For some, van life holds no romanticism. As rent prices in the Truckee-Tahoe region have skyrocketed, and many rentals sold due to their higher market value, many local workers have since been forced into dwelling in their vehicles.
Nevada County Supervisor Hardy Bullock said that a new ordinance was recently put in place for a west county residential neighborhood that was being overwhelmed by overnight car campers.
“These are people who are going to work all day and sleeping in their cars at night, and they weren’t bad people and they weren’t doing nefarious things — they were just trying to get by,” said Bullock.

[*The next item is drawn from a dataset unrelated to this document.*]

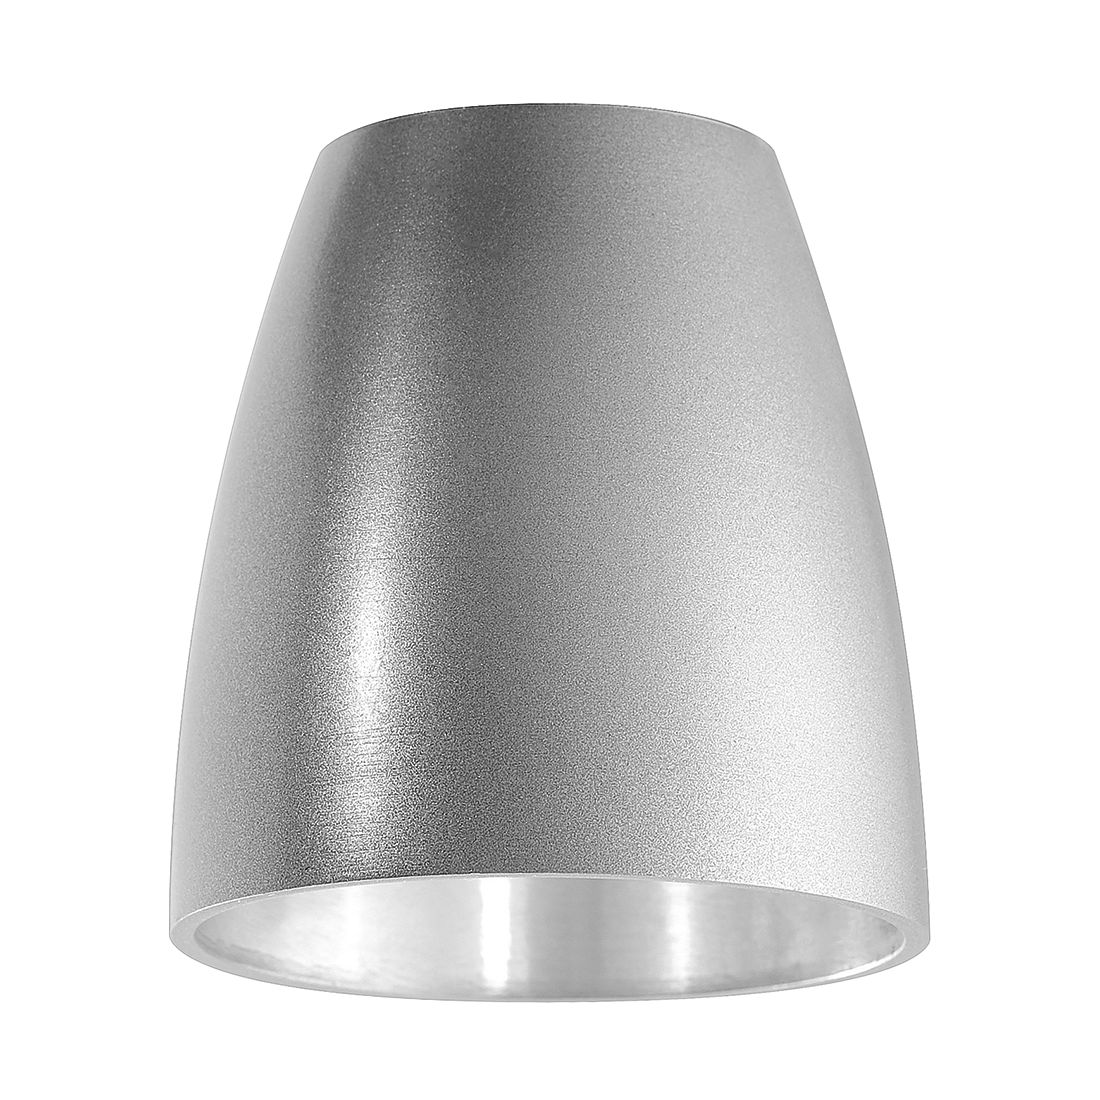 Image of Paralume metallico - Accessorio M6 luce/faretto 18 Metallo Color argento, Fischer Leuchten
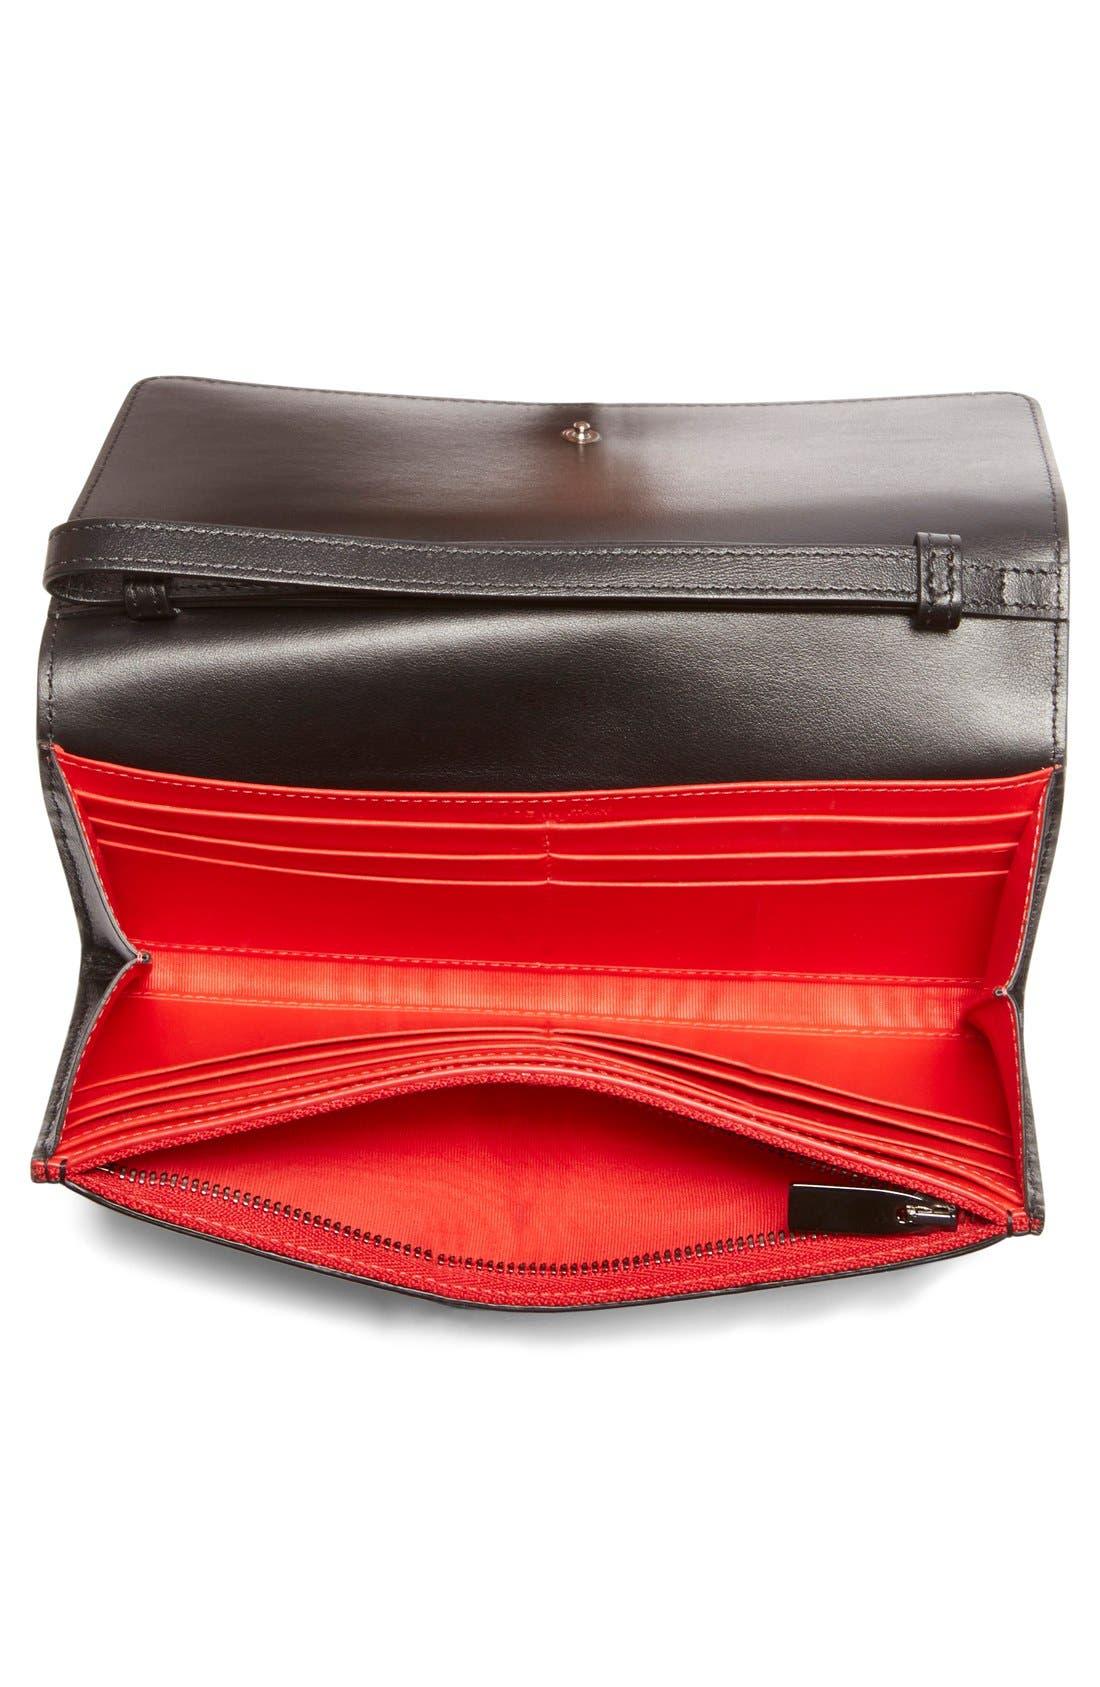 'Macaron' Studded Leather Continental Wallet,                             Alternate thumbnail 2, color,                             Black/ Gunmetal

“The local neighborhood got really upset for really valid reasons, and so we had to pass an ordinance about camping in that particular area… I think it’s really challenging for everybody and I think it’s only going to become more challenging,” he added. “The Bay Area is a great example — you see campers lined up on the streets… it’s because they don’t have anywhere else to go and I think the sooner we recognize that, that’s a fact of the world we live in today, the better we will be equipped to start talking honestly about these problems and honestly about the solutions. Because the solutions are going to be tough.”
DRIVING TOWARD SOLUTIONS
A group of regional leaders called Convene Champion Catalyze, formed by Bullock, began talks this past summer about how to handle the local van life community, as many car campers are scattered across the region in need of a safe place to park — without disturbing local neighborhoods.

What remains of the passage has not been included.